__What this task involves__
In the entries below, spot each line with the word "Wallpaper" and copy it.

__Listed entries__
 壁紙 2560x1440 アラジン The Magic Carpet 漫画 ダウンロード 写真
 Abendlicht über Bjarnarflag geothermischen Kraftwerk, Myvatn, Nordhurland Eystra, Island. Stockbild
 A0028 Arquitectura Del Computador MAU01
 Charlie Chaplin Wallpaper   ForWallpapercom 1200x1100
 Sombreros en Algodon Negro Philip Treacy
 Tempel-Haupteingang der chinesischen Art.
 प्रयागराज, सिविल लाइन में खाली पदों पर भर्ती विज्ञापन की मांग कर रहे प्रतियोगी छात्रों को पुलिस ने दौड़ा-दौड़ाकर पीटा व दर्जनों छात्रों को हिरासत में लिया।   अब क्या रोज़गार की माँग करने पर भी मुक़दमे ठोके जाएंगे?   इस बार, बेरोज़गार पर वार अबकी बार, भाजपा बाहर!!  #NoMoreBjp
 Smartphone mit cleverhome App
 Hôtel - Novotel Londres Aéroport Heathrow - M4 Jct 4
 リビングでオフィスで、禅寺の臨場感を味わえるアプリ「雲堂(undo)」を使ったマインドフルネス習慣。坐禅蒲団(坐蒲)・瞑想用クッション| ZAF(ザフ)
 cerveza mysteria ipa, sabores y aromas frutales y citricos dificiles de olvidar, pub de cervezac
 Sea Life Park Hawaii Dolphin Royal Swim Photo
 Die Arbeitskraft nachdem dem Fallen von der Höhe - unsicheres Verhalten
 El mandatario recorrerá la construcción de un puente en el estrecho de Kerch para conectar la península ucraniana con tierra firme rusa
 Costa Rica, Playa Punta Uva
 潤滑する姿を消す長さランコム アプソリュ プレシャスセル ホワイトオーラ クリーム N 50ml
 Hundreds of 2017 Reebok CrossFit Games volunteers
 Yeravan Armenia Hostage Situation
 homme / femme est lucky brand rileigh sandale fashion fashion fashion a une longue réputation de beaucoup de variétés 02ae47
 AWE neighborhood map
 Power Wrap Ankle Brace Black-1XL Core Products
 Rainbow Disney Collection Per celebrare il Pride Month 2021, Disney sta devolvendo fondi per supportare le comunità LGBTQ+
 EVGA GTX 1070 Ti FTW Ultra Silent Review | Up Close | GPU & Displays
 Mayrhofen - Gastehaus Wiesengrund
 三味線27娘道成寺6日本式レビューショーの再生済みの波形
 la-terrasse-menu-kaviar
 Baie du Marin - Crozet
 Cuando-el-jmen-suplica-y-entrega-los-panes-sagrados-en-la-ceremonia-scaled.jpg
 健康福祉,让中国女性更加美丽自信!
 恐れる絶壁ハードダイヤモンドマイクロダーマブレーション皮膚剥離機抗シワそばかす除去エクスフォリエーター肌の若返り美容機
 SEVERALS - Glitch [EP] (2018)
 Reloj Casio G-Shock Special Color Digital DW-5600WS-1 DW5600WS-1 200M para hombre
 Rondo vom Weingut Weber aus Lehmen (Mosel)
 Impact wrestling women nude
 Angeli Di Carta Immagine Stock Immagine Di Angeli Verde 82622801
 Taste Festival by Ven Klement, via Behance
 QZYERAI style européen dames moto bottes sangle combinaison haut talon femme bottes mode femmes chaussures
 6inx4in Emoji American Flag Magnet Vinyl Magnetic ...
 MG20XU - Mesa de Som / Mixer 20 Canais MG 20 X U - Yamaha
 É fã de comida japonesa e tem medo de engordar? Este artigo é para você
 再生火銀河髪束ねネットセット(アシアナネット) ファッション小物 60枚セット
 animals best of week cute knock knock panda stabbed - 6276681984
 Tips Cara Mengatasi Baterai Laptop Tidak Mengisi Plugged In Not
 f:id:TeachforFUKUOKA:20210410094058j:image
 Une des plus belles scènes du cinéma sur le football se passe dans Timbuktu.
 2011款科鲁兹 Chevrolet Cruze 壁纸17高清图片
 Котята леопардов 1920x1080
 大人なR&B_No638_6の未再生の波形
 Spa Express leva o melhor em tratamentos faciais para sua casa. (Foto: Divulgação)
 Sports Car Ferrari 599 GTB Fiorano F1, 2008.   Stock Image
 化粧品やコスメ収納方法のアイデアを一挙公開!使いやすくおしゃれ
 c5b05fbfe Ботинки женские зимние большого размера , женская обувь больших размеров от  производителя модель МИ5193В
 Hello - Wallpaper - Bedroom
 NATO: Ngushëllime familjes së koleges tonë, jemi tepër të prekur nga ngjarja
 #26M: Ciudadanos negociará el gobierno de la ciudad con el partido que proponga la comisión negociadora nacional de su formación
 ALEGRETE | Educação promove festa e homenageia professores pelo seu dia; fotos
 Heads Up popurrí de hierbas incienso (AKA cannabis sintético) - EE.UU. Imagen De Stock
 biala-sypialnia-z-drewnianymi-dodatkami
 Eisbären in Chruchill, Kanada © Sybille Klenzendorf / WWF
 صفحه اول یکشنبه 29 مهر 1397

__Answer to this problem__
 Charlie Chaplin Wallpaper   ForWallpapercom 1200x1100
 Hello - Wallpaper - Bedroom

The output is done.